Вдохновленный кавалер заорал во все горло:
Вот он идет, на ем калоши.
И плащ накинут в рукава.
Фуражка мягкая на вате,
Чтоб не озябла голова...
Надежда в долгу не осталась, грянула в ответ:
Эх, девки, бяда
В нашем переулке.
Мужик бабу продавал
За четыре булки!
- За четыре булки меня не продавали, а за сто рублей вторая жена променяла. Я ее с хахалем за ноги в кровати поймал. Хахалю - пинков и по мордасам, ее давай стыдить: ты че, шалава, опупела?! Она бесстыжие зенки вылупила и говорит: "Он на сто рублей больше тебя получает, а в остальном вы все одинаковые". Вот халда была!
- Баб вы мастера хаять!

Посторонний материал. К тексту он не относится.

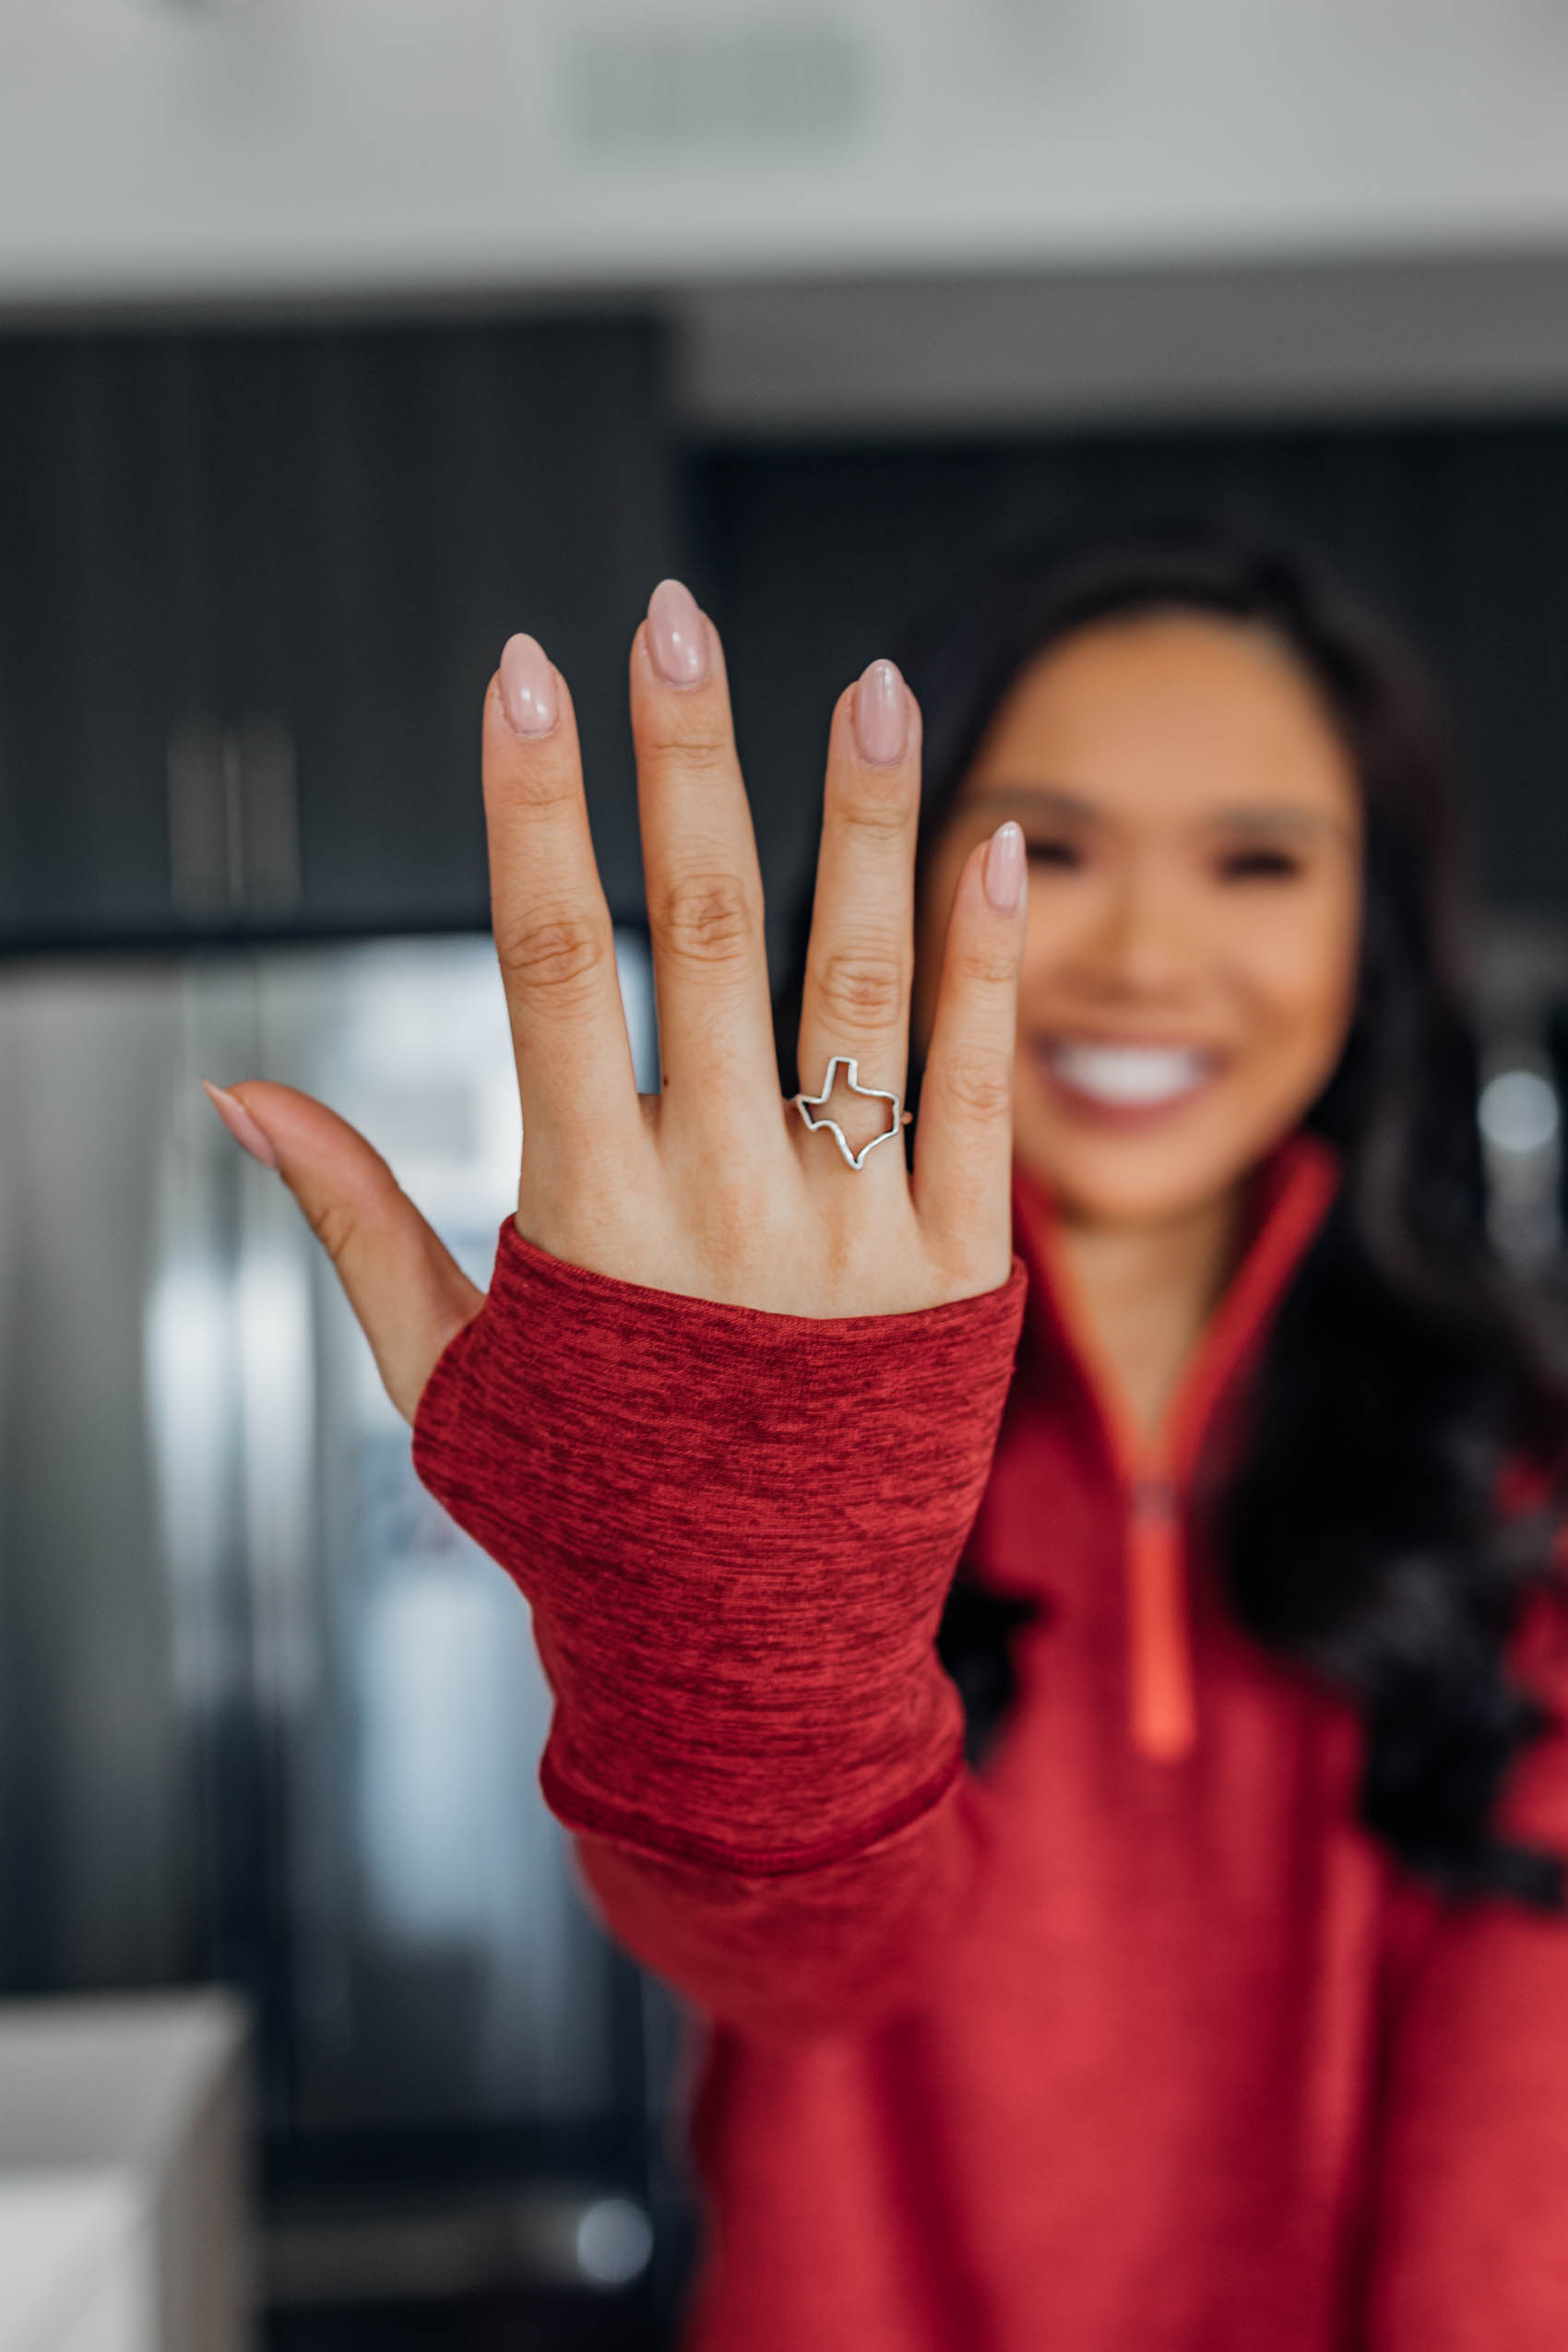 Blogger Hoang-Kim of Colorandchic.com shows off her Texas ring
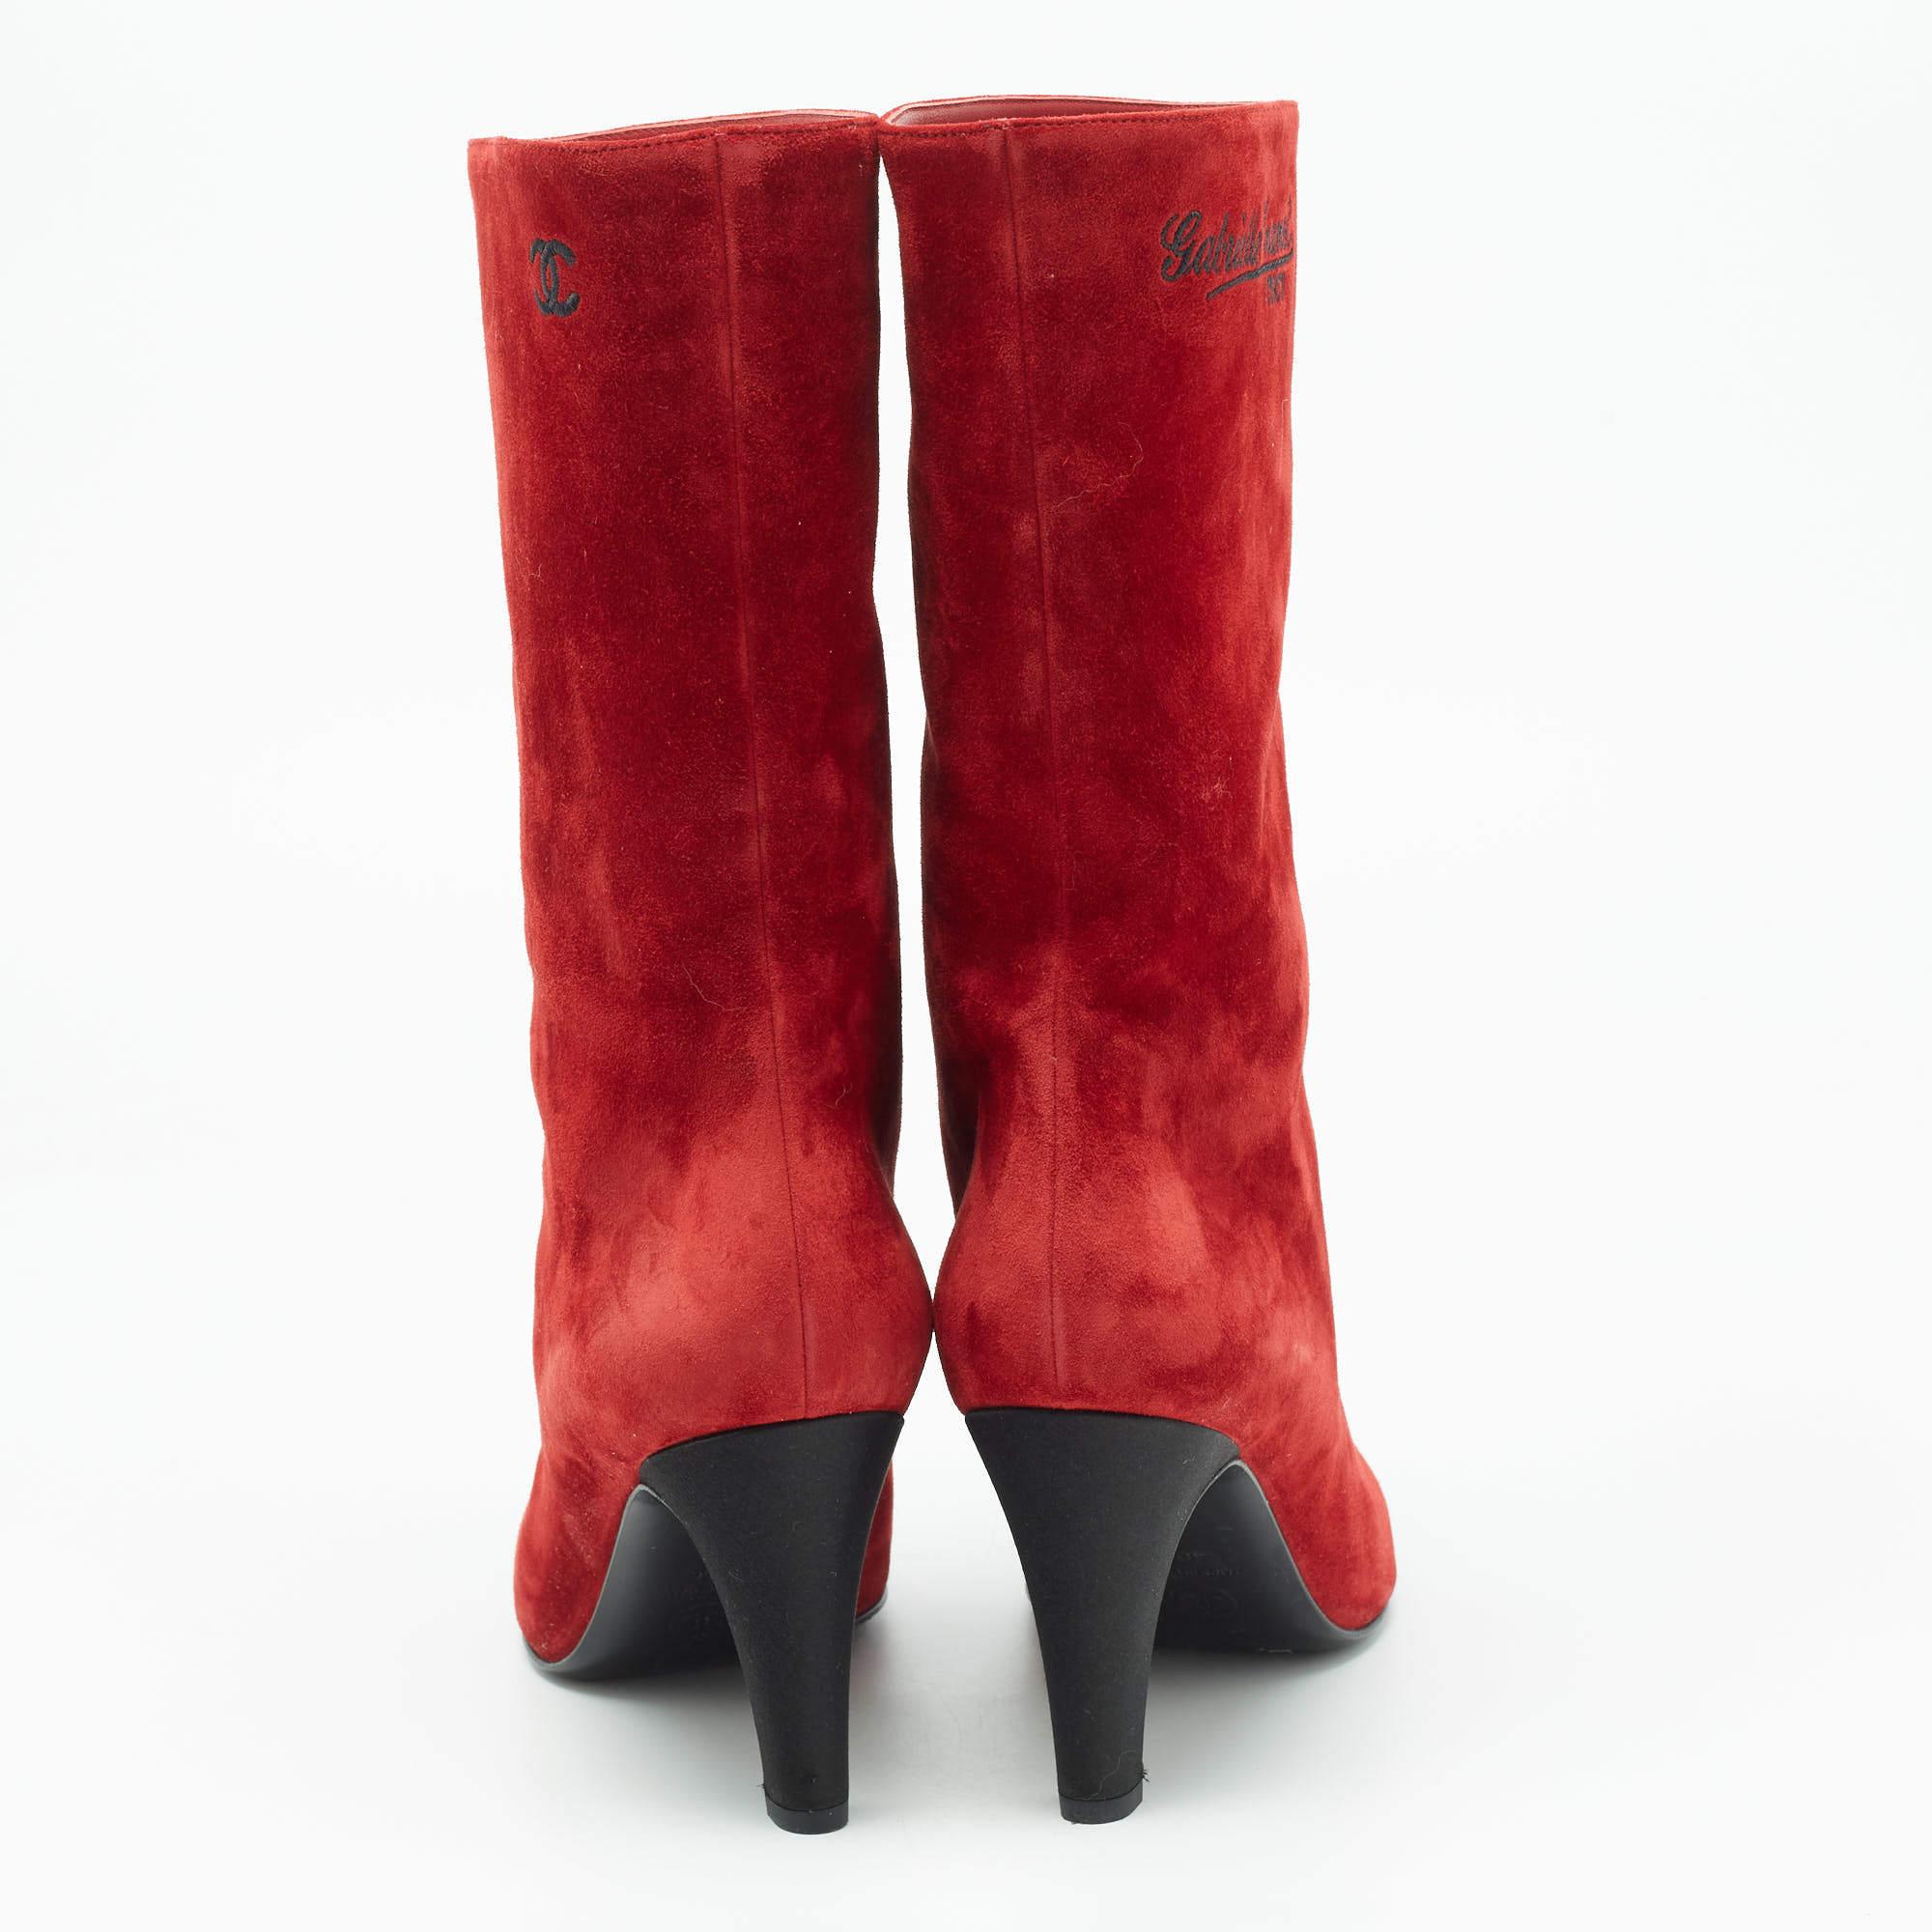 Chanel Red/Black Suede Pointed Toe Mid Calf Boots Size 40 3

А сам-то, сам! Инфарктник уже, а все "сужетики" по коленкам нашариваешь.
- Против такой королевы разве утерпишь?
За светским разговором они проскочили заправочную, спохватились у ворот гаражного кооператива.
- О, - присвистнул Егор, глянув в зеркало заднего обзора.
Мотоцикл на привязи не просматривался. Вот тебе и "все бабы спят, им жабы снятся"!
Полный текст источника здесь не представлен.